Improvements have been implemented across the feature spectrum—not only to prevent unwanted behavior, but also for a much faster cluster startup, faster synchronization and faster query execution. Internal protocols and request handling has been intensively overhauled: Distributed Collect is just one example of cluster-wide query execution improvements.
For Version 3.4, we have overhauled the internal workings of the cluster for maintenance, failover and collection management. This has resulted in improved stability in edge cases as well as faster operation.

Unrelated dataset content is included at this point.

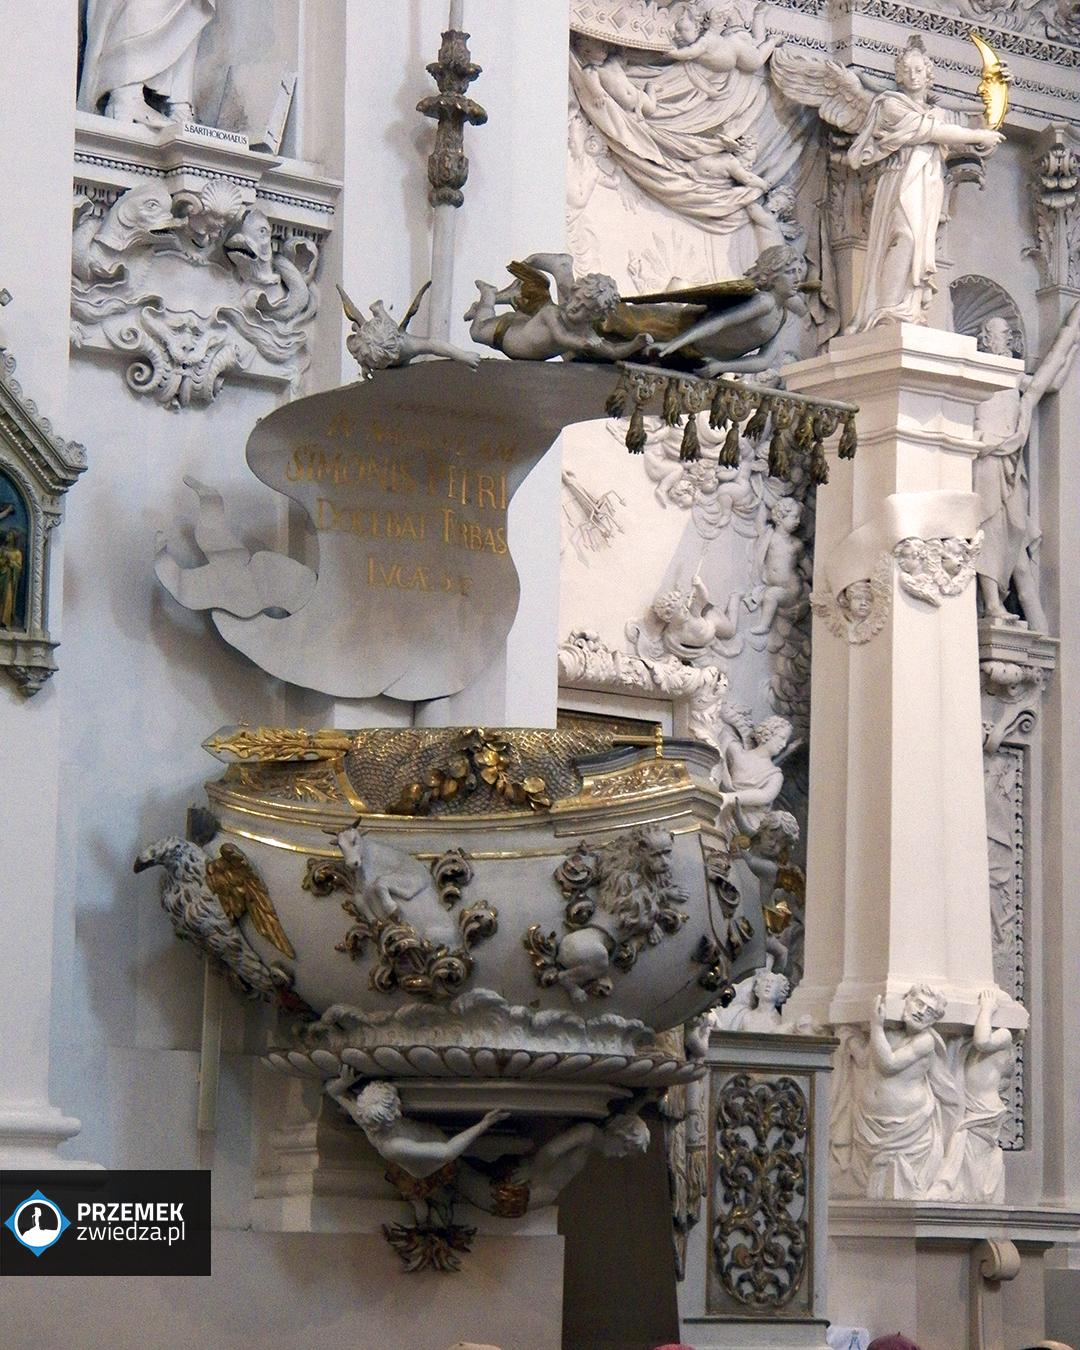 Wilno - Kościoł św. Piotra i św. Pawła - bogato zdobiona ambona

The following video illustrates this by showing the creation of 20 replicated collections in both 3.3 and 3.4 side by side:
This higher performance will be noticeable for various day-to-day operations like shards getting in sync or being moved.
Additionally, with the recently released ArangoDB Kubernetes operator, deploying an ArangoDB cluster in k8s is as easy as issuing the command
kubectl apply -f cluster.yaml with a 7 line YAML file, all the rest is done by Kubernetes and our operator automatically. Upgrading a complete deployment without any service interruption is done by nothing but editing the Docker image name in a YAML file. Read more about the ArangoDB Kubernetes Operator or go through this quick tutorial to get started.
The Default Storage Engine is now RocksDB
New installations of ArangoDB, starting with 3.4 will have RocksDB as the default storage engine. If you upgrade from a previous version, though, the default storage engine will be the one you set previously.
We have put plenty of work into optimizing our RocksDB integration, making it faster and extending the configuration possibilities. Below is a brief list of the most important changes:
- Optimized Binary Storage Format
The new format is optimized for RocksDB and can be utilized with new installations. A key benefit of the new format is greatly improved insertion performance.
- Optional Caching
Users can now specify a new per-collection property, cacheEnabled to define documents and primary index values to be cached in memory. This leads to significant performance improvements for multiple cases, especially for point-lookups
- Reduced Replication Catch-Up time
Much was optimized for a better replication experience for auto-failover, cluster and DC2DC settings.
Many more optimizations have been put in making our RocksDB integration worthy of being the default storage engine. We think you will be pleased by them.
In summary, ArangoDB 3.4 provides more than forty optimizations and improvements. We hope that everyone will benefit from the new release. Enjoy and please let us know your thoughts.